From a statistical point of view, the Welsh national team appeared to be winning roughly the same number of games throughout the 1930s as the poor 1920s period, but Wales were actually improving. In the 1920s most Welsh victories were against France, then the weakest team in the Five Nations Championship; but in 1931 France were excluded from the tournament over accusations of professionalism at club level and were not readmitted until after the 1939 tournament, just before international rugby was suspended because of the Second World War. Welsh victories were now coming against the more established home nation teams. During this period, Wales won three Championships, but its greatest victory happened during the 1933 tournament when they finished last. Since its first international game in 1910, Wales had failed to beat England at Twickenham in nine attempts. Now dubbed the 'Twickenham bogey', it took the self confidence of Cardiff's Ronnie Boon to break the losing streak as he scored a try and a drop goal to take the match 7-3. The game also saw the debut of two players who would become Welsh greats, Wilf Wooller and Vivian Jenkins.

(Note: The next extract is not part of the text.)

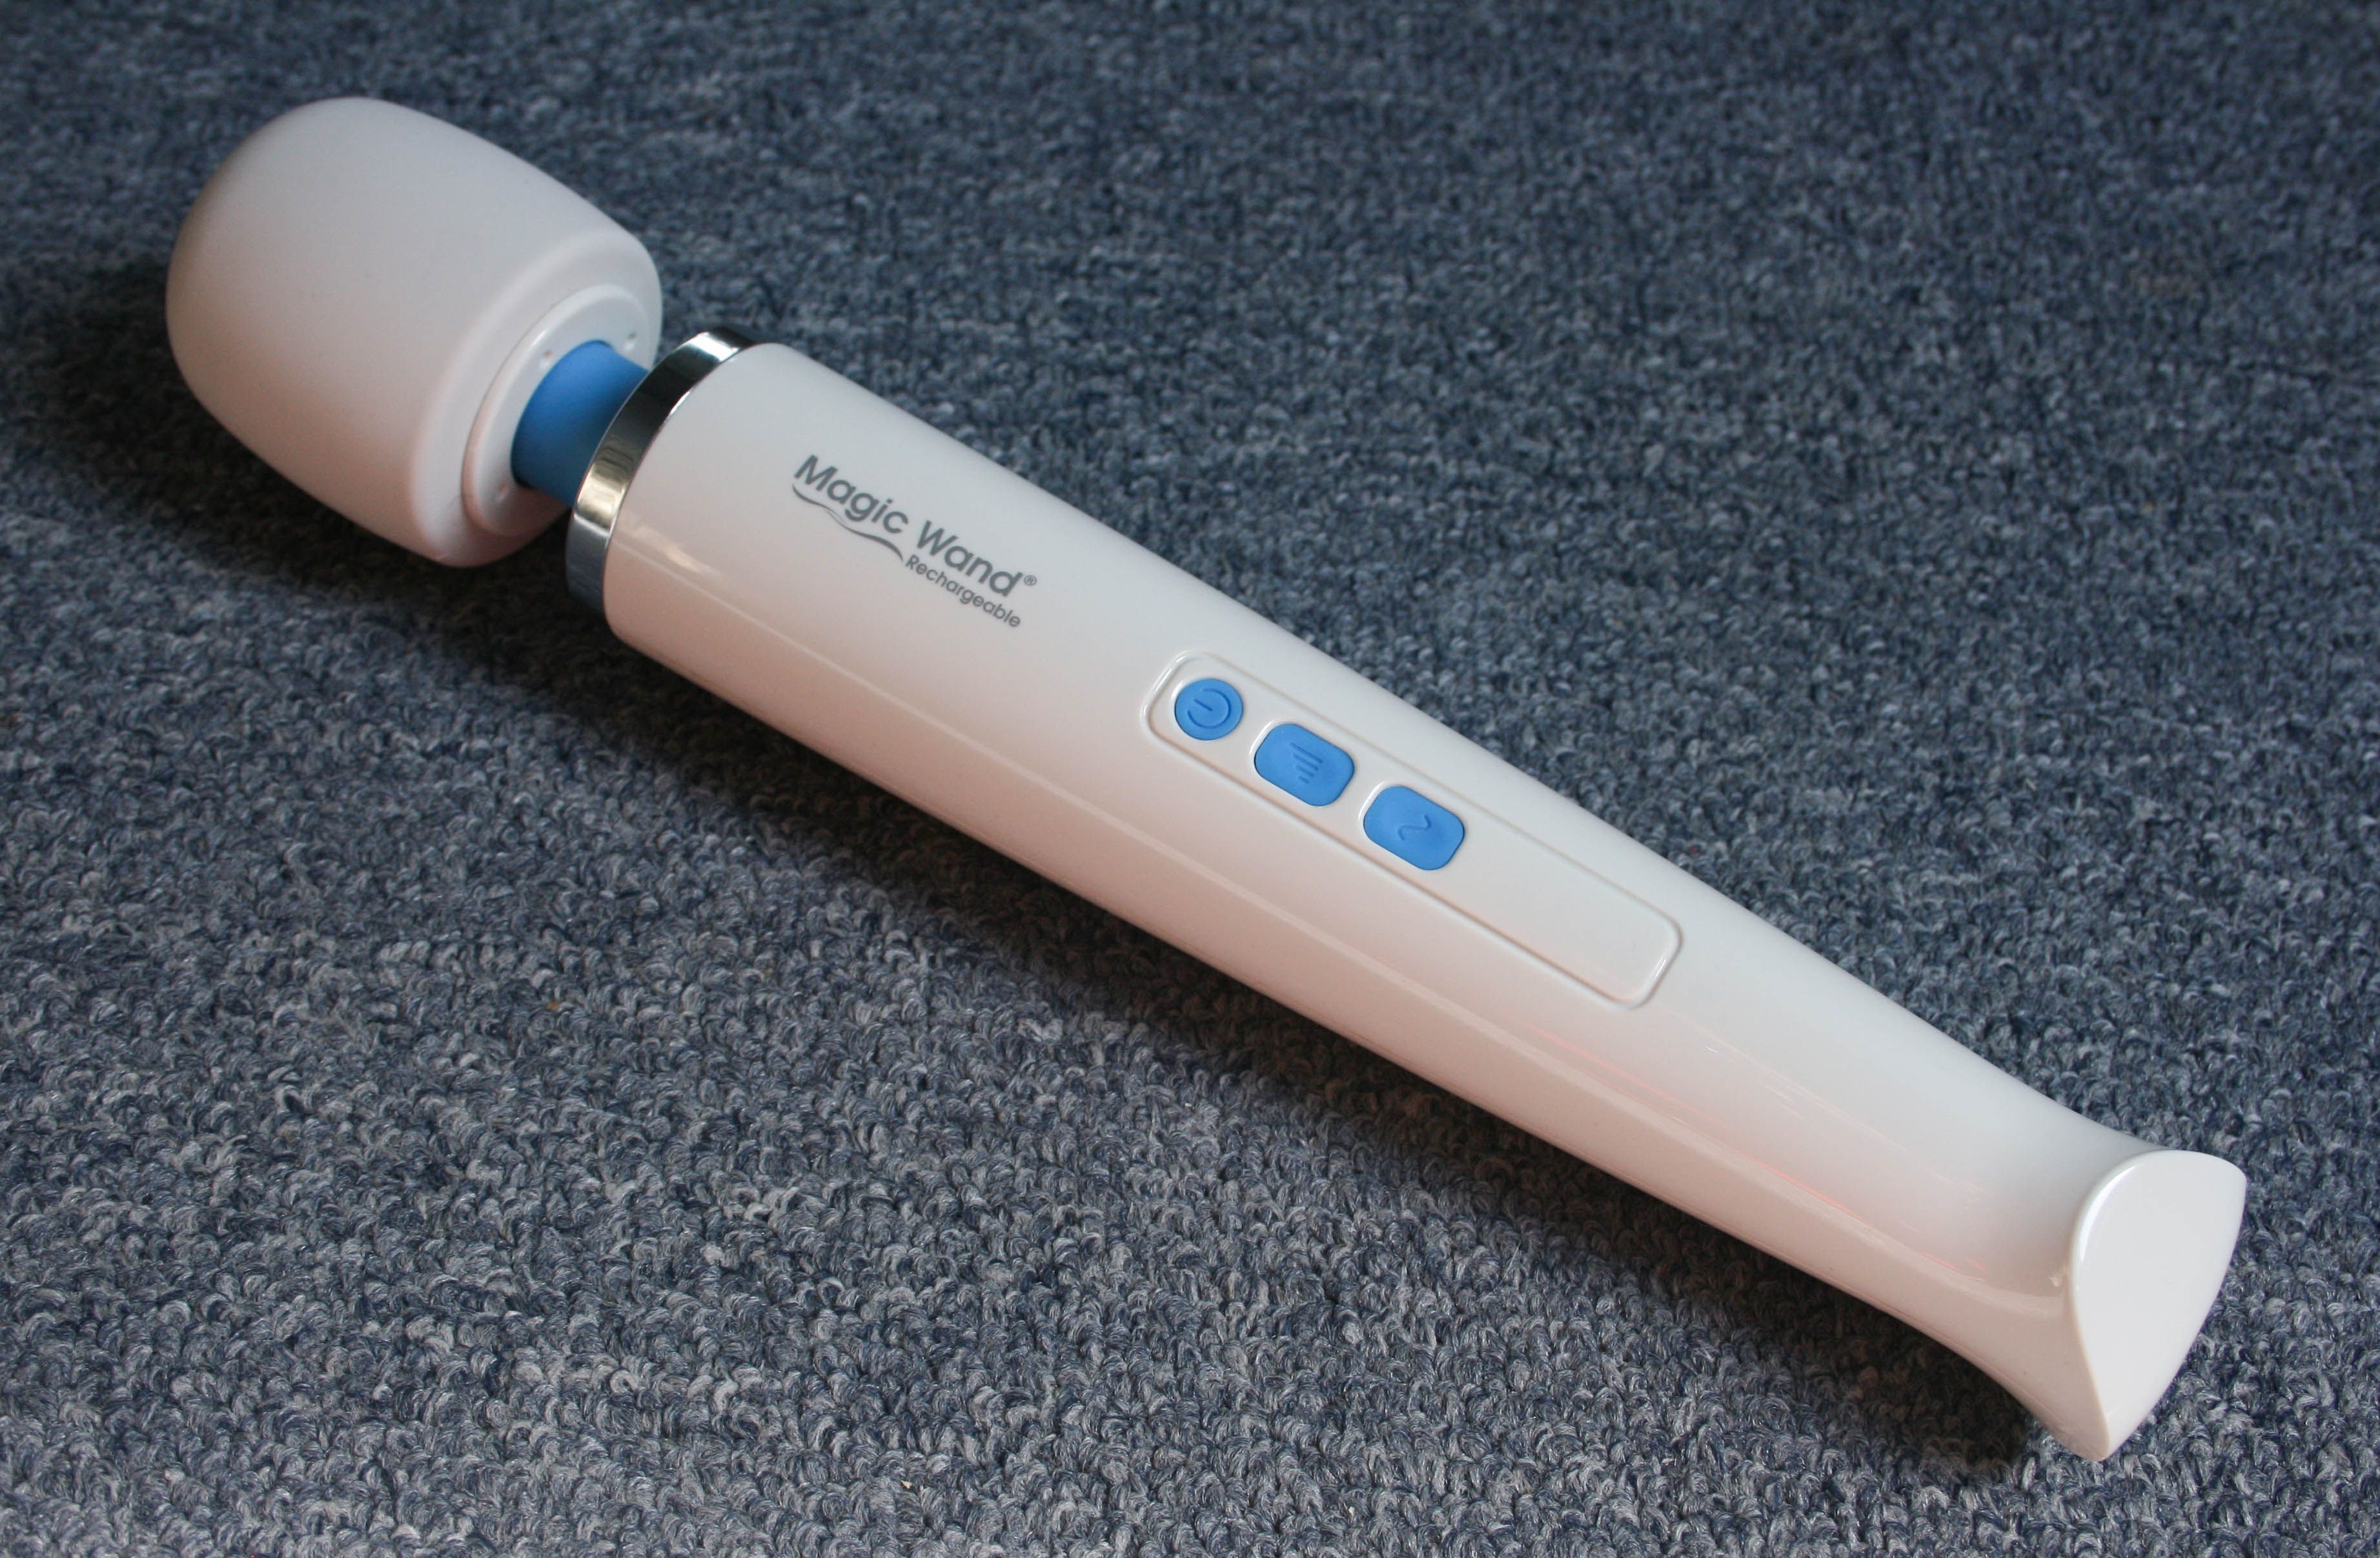 Sunstone recommendet hitachi vibrator than Better

Wales played host to two touring Southern Hemisphere teams in the 1930s, first came Bennie Osler's South Africa followed by Jack Manchester's All Blacks. The South Africans were rampant in Wales, winning the test match and all six club matches, though gained few supporters due to the kicking tactics Osler employed. The New Zealander's received a better welcome, and after the previous tour where the tourist went unbeaten the Welsh press were hoping for a return of the spirit that won the first encounter in 1905. Before the match with Wales, New Zealand were to face eight club teams over six games. After winning the opening three English county matches and then beating a joint Abertillery and Cross Keys the All Blacks were showing the same form shown in their first two tours, but then stumbled against Swansea. Swansea were not in a period of particular growth and the only two players showing any flair were Wales Schoolboy players Willie Davies and Haydn Tanner. During the game Merv Corner could not contain the attacking bursts from Tanner, the New Zealand flankers were drawn in which in turned allowed Davies the freedom to run which Claude Davey finished off with two tries. Jack Manchester's response to the Swansea win was to ask the New Zealand press "Tell them we have been beaten, but don't tell them it was by a pair of schoolboys". This win gave Swansea the honour of being the first club team to have beaten all three major Southern Hemisphere touring teams. The All Blacks were unbeaten in the next twenty matches, but lost to Wales in a classic game which Wales managed to win in the last ten minutes of the game after the Welsh hooker, Don Tarr, was stretchered off with a broken neck.

===Post-war resurgence, halcyon 1950s and the changes of the 1960s===

Schoolchildren from Lewis School, Pengam compete at a lineout in 1951 (left) and a Rugby themed dance at Whitchurch Rugby Club in 1952 (right).

The post-war years saw strong club teams emerge, but it wasn't until the 1950s that a true blend of players could be produced to translate club success into international victories. The coming of television saw an upsurge in popularity for the national team, but a decline in club support. Success was gained in the Five Nations Championship, Wales supplied many players to the ranks of the British Lions and New Zealand was beaten for the last time that century.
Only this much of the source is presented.